OR22-05 Rare Biallelic Variants in Obesity-Related Genes in the Madrid Pediatric Obesity Cohort

Abstract

BACKGROUND: Obesity is a heterogenous disease resulting from environmental and genetic factors and is characterized by disordered energy balance, regulated in part by the hypothalamic melanocortin-4 receptor (MC4R), including neuronal ciliary assembly and trafficking pathways.1 Rare loss-of-function variants in genes encoding components of this pathway are associated with severe obesity and hyperphagia, with or without additional features.2 However, such rare genetic disorders may be underestimated due to a lack of genetic screening in individuals with severe obesity.3 Our objective was to identify and characterize rare genetic variants in a Spanish population from Madrid with childhood obesity. Methods: This analysis was conducted from a prospectively-collected cohort of children with obesity, generally with a BMI>+3DS. Participants were sequenced for 35 obesity-related genes, including 23 genes related to Bardet-Biedl (BBS) and Alström syndromes, plus an additional 12 genes associated with non-syndromic, monogenic causes of obesity, to identify individuals with rare (<1% frequency in gnomAD) potentially biallelic (homozygous and compound heterozygous) non-synonymous variants in protein-coding regions. Results: Of the 1019 Spanish patients with obesity, 493 (48.4%) were female and the mean age and BMI were 10.41 ± 3.38 years and 4.38 ± 1.76 SDS (79.8% above +3 SDS), respectively.
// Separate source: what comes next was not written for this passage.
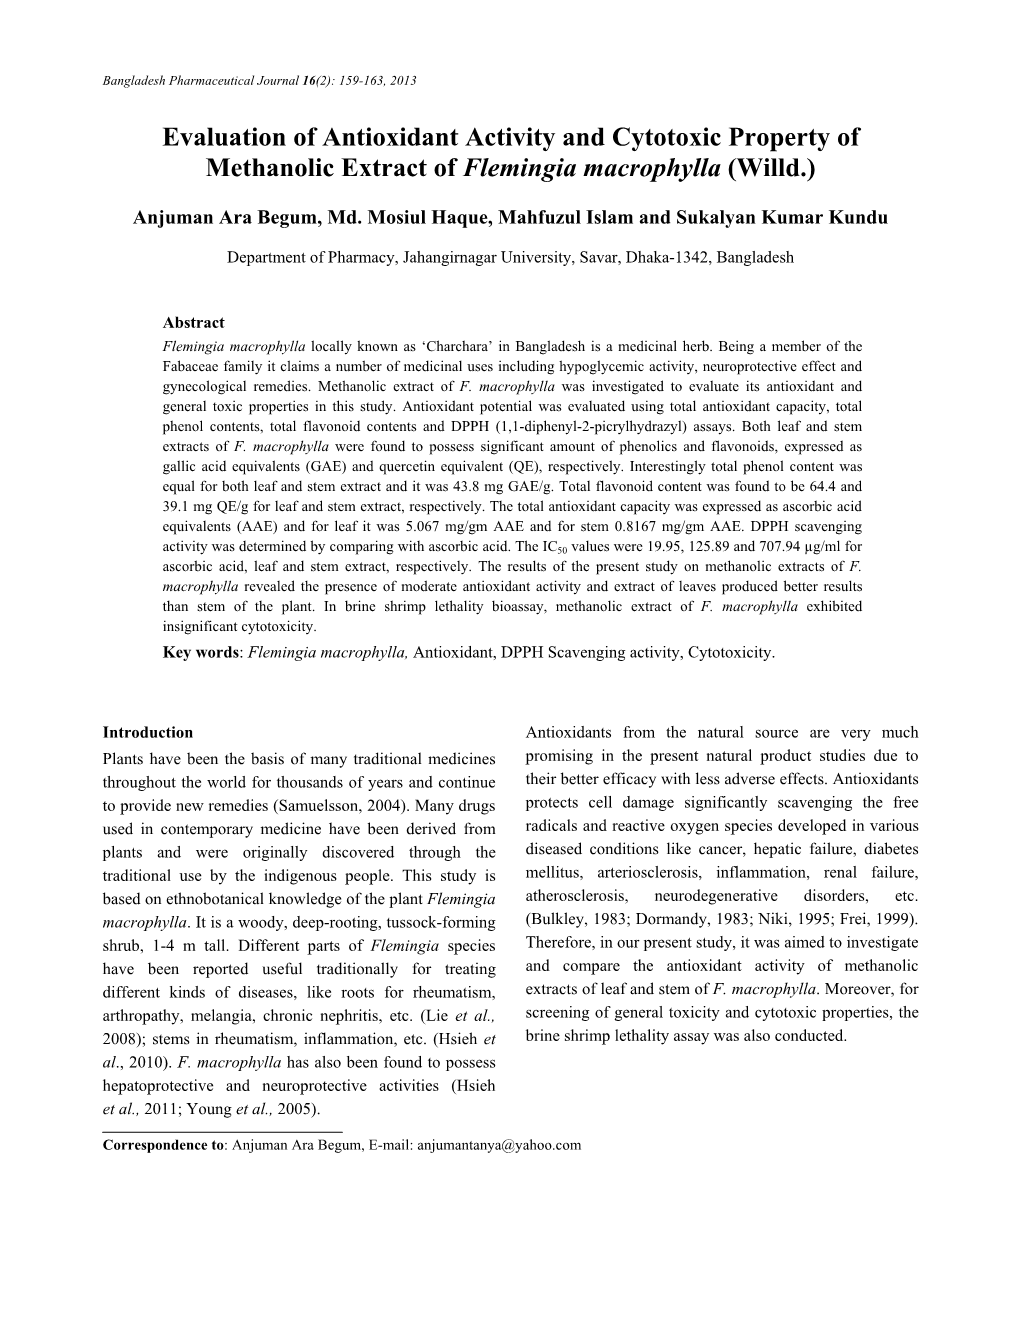 Evaluation of Antioxidant Activity and Cytotoxic Property of Methanolic Extract of Flemingia Macrophylla (Willd.)

We identified 26 rare potentially biallelic variants in 25 unique individuals, including 2 individuals with homozygous variants in POMC, 3 individuals with two variants in SRC1, one individual with two variants in ADCY3, and one individual with a homozygous mutation in LEP. In addition, we identified 18 individuals with biallelic mutations in one of 23 BBS or ALMS1 genes, including two individuals with known pathogenic variants and clinically confirmed BBS. Conclusions: Rare and potentially biallelic sequence variants were identified in 25 individuals with childhood obesity. These results support the use of genetic testing for individuals with severe obesity who may be candidates for specific clinical interventions or additional targeted therapies.